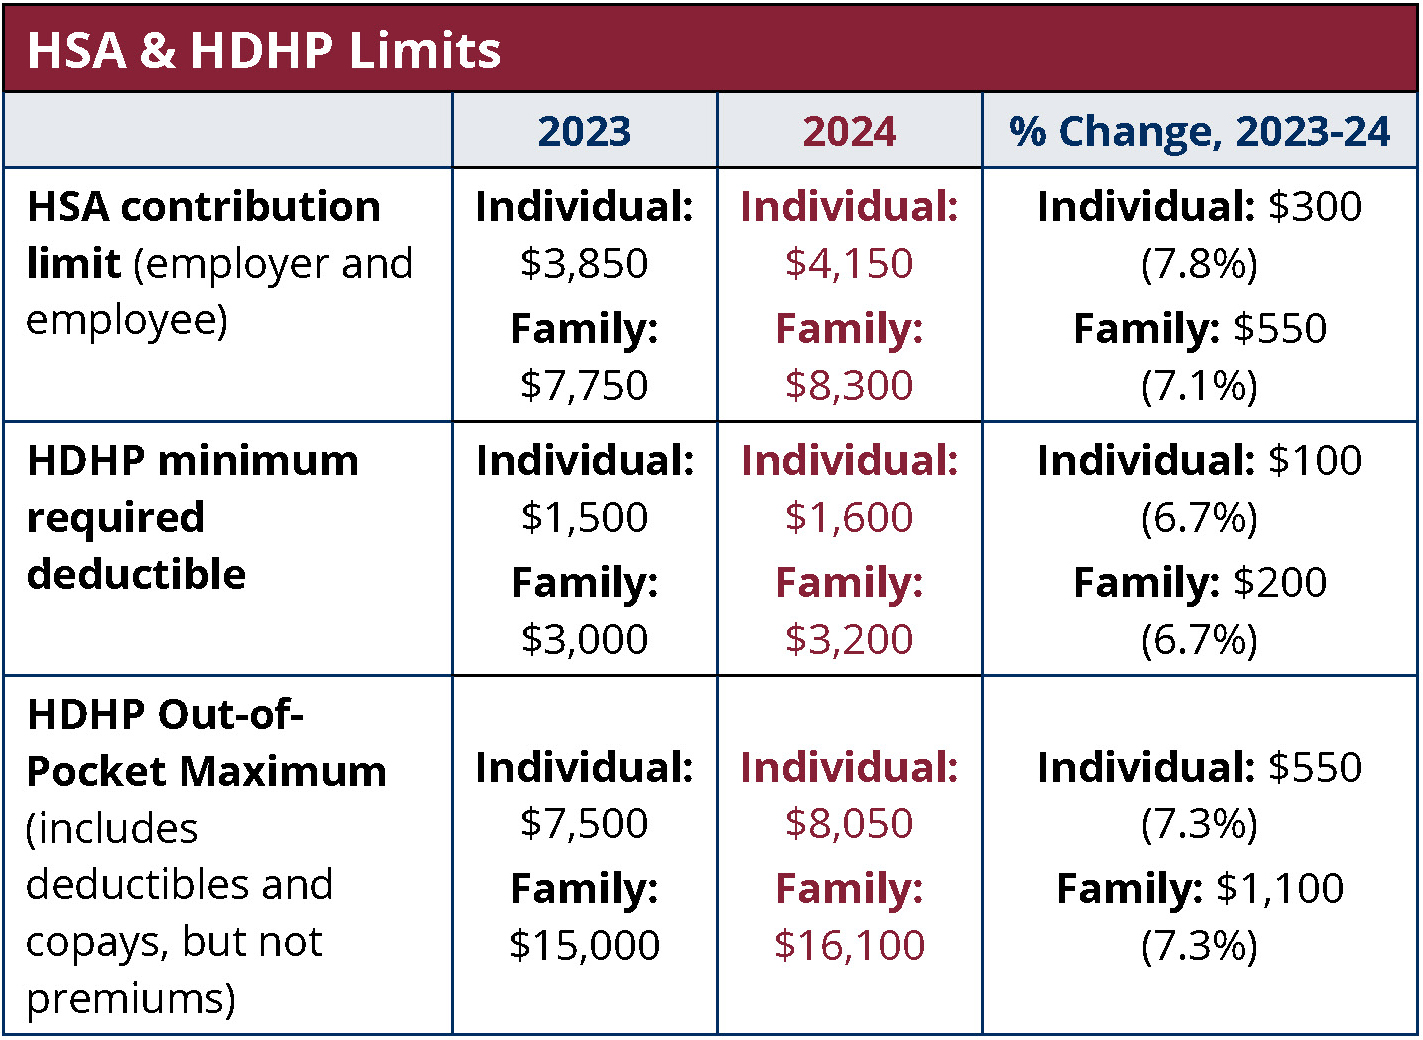 2024 HSA Contribution Limit Jumps Nearly 8 MedBen
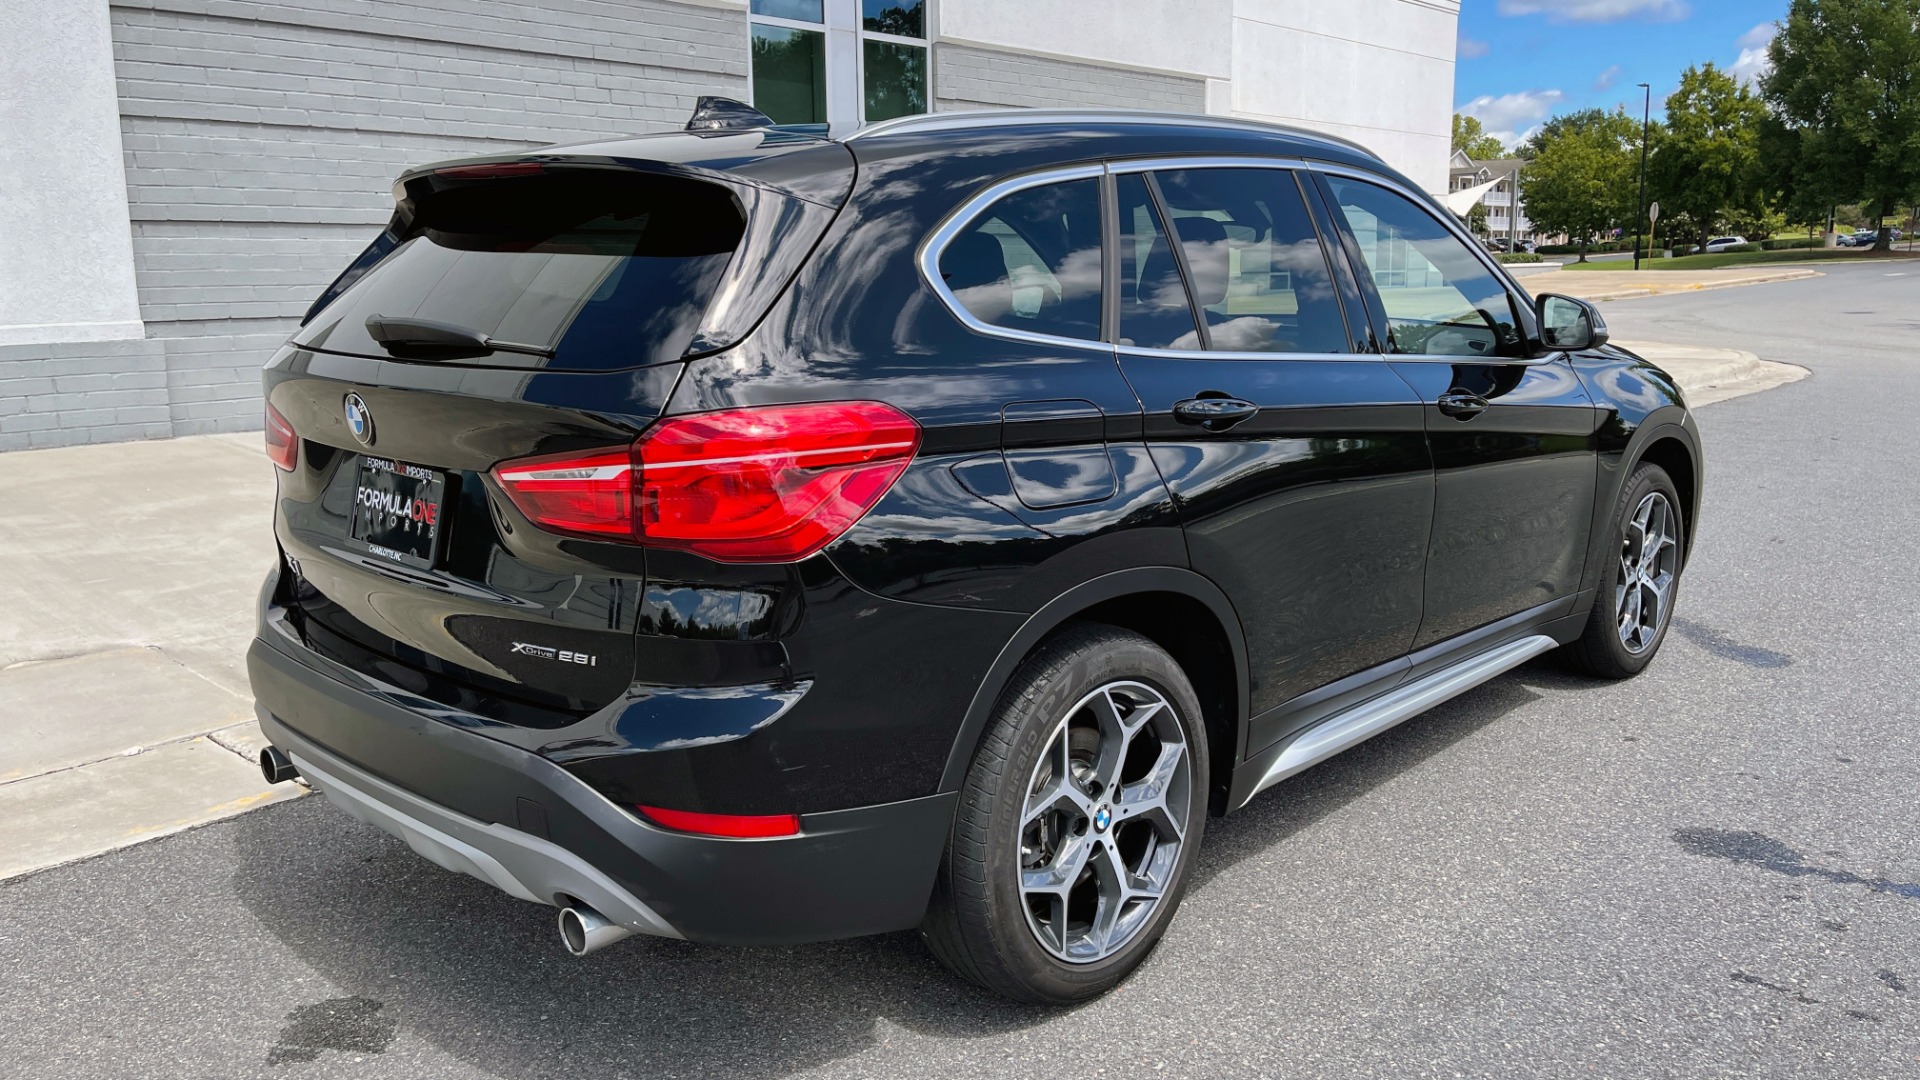 Used 2018 BMW X1 XDRIVE28I / 2.0L / AWD / 8-SPD AUTO / REARVIEW for sale Sold at Formula Imports in Charlotte NC 28227 2
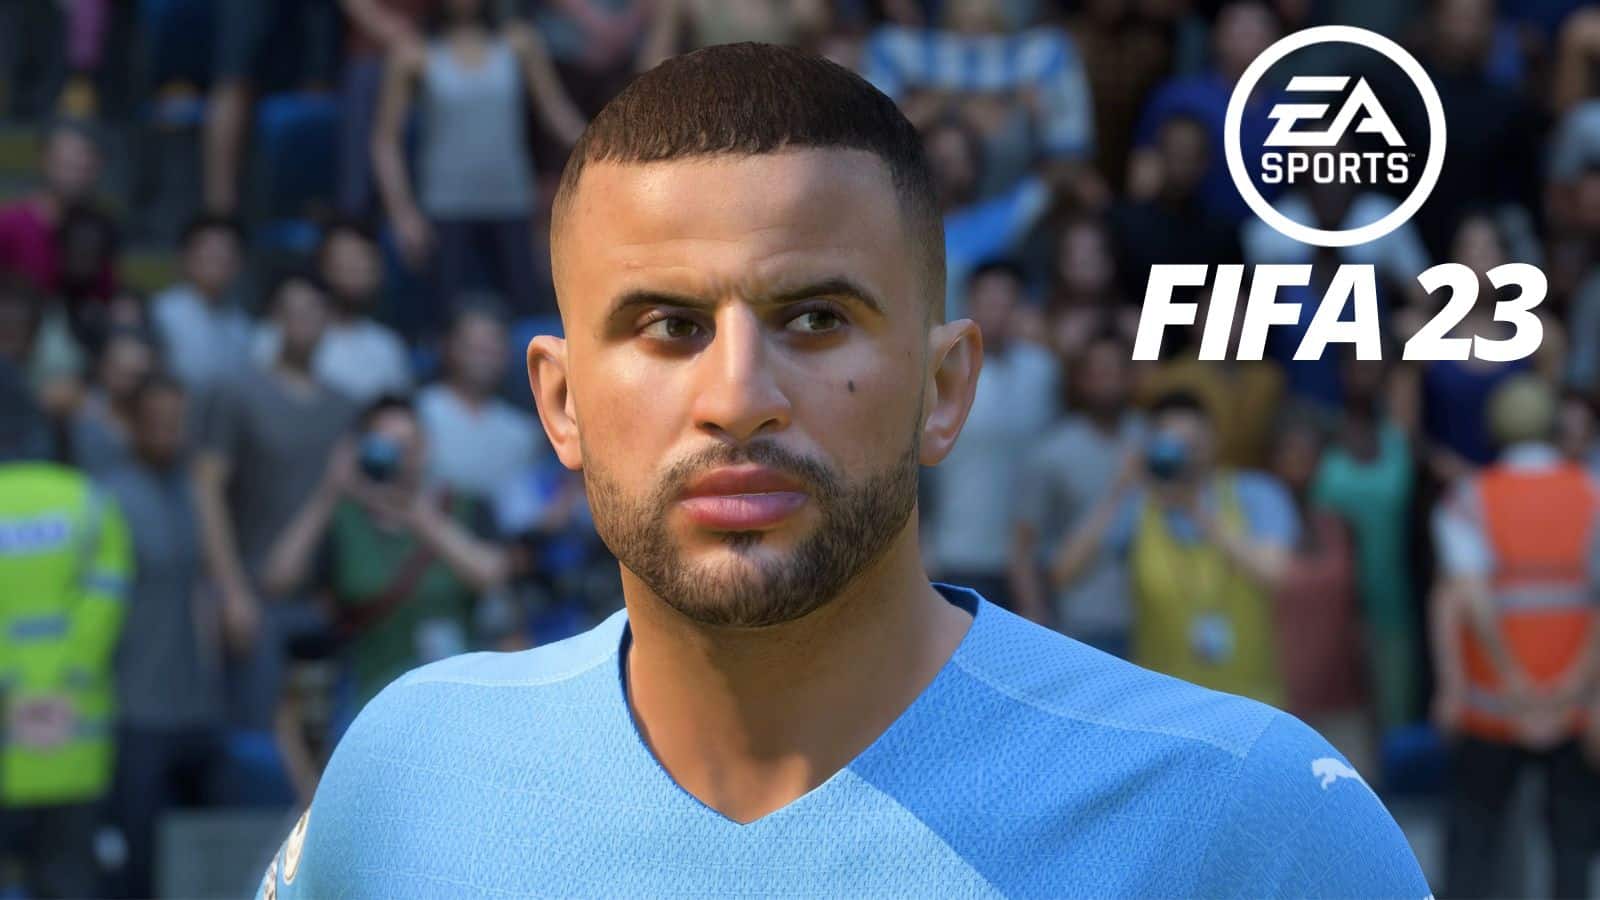 Kyle Walker with FIFA 23 logo

....

- _What is expected_
Exact reproduction is required. Output only the lines from the one with "Used 2018 BMW" through the end of the listing above, both ends included, and no pictures.

- _Answer to the exercise_
 Used 2018 BMW X1 XDRIVE28I / 2.0L / AWD / 8-SPD AUTO / REARVIEW for sale Sold at Formula Imports in Charlotte NC 28227 2
 Kyle Walker with FIFA 23 logo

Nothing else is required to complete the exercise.